In 2026, AI will transform management structures and automate tasks as companies strive to demonstrate real value. By 2026, AI is expected to move beyond experimentation and pilot projects and begin reshaping how companies are actually run.

According to researchers and professors at IMD, the focus will shift from testing AI tools to redesigning organisational structures, decision-making processes, and management roles themselves. After several years of hype-driven investment, many companies are now under pressure to show clear returns from AI.

Those that remain stuck in proof-of-concept mode risk falling behind competitors who are willing to make more significant operational changes. Several corporate functions are set to become AI native by the end of the year.

Human roles in these areas will focus more on interpersonal judgement, oversight and complex decision-making, while software forms the operational backbone. Workforce structures are also likely to change. Middle management roles are expected to shrink gradually as AI systems take over reporting, forecasting and coordination tasks.
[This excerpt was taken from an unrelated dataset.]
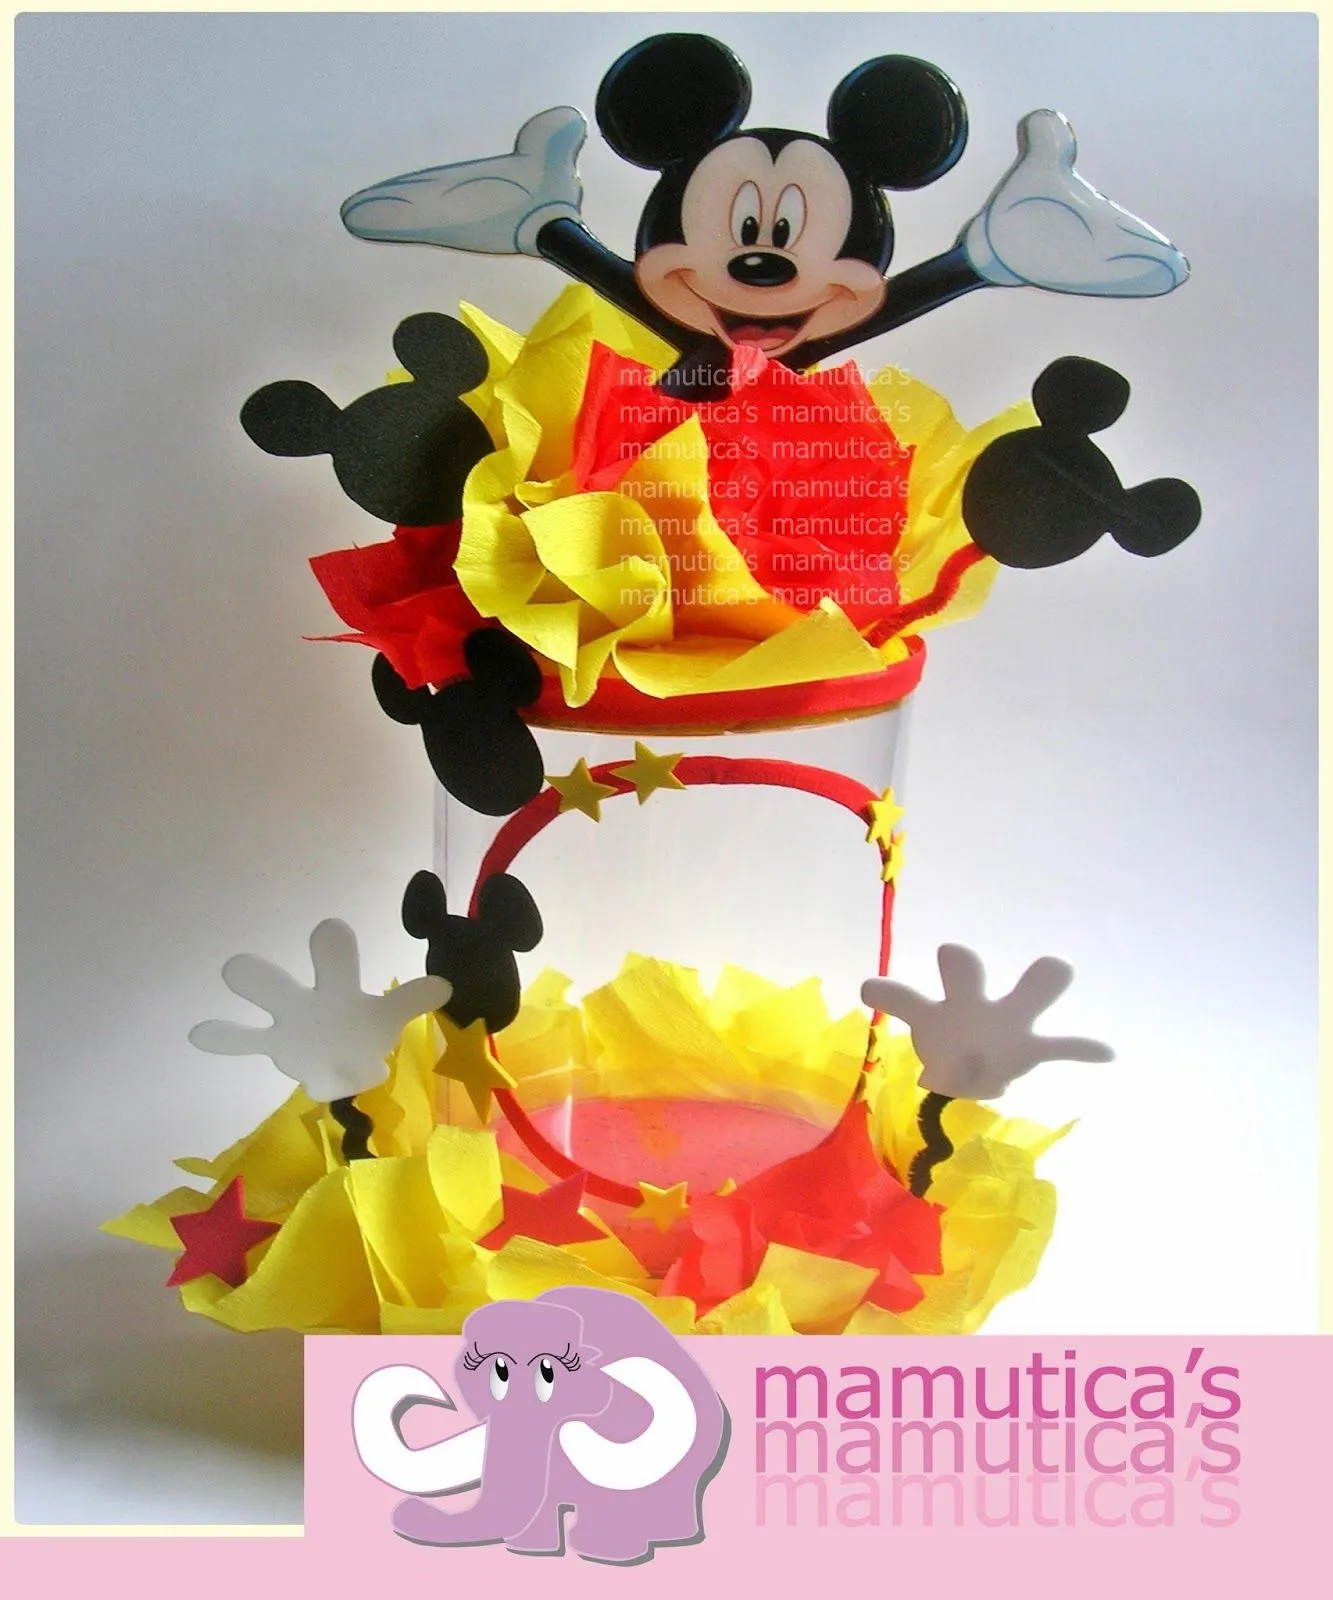 Mamutica's: Dispensadores de chucherías .... Mickey Mouse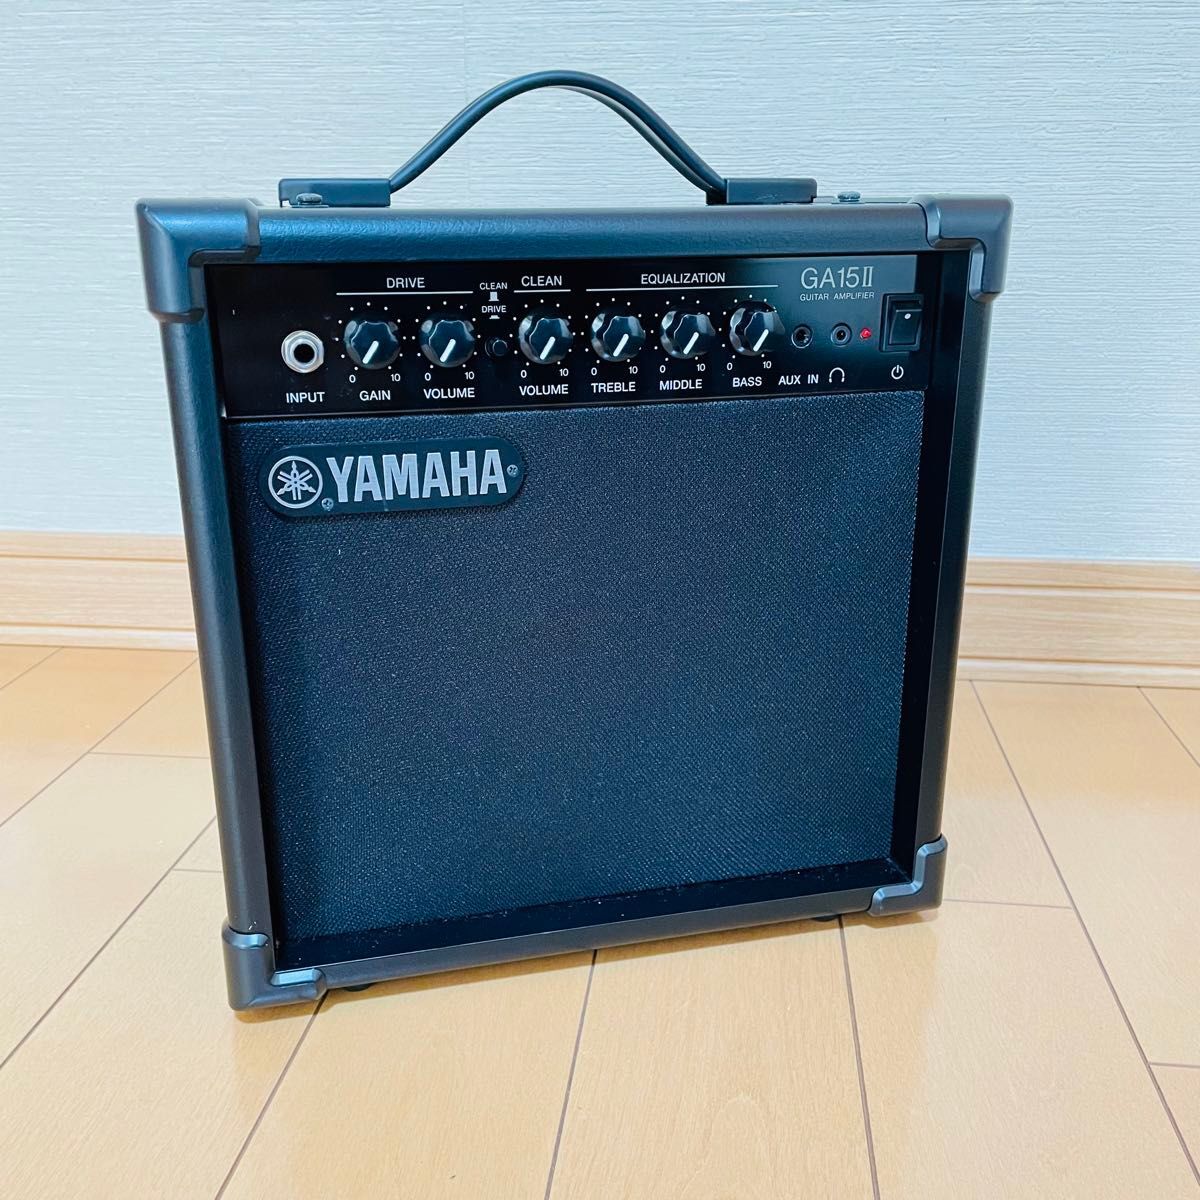 YAMAHA(ヤマハ) GA15Ⅱ ギターアンプ(amp)の画像1

At the same time, risks associated with AI are growing. Highly realistic synthetic media is expected to fuel a rise in misinformation, exposing organisations to reputational and governance challenges. To respond, companies will need faster monitoring systems, clearer crisis-response protocols and closer cooperation with digital platforms to counter fabricated content.

Economic uncertainty is adding further pressure. Organisations that remain stuck in pilot mode may be forced to scale back, while those committing to bigger operational change are expected to gain an advantage.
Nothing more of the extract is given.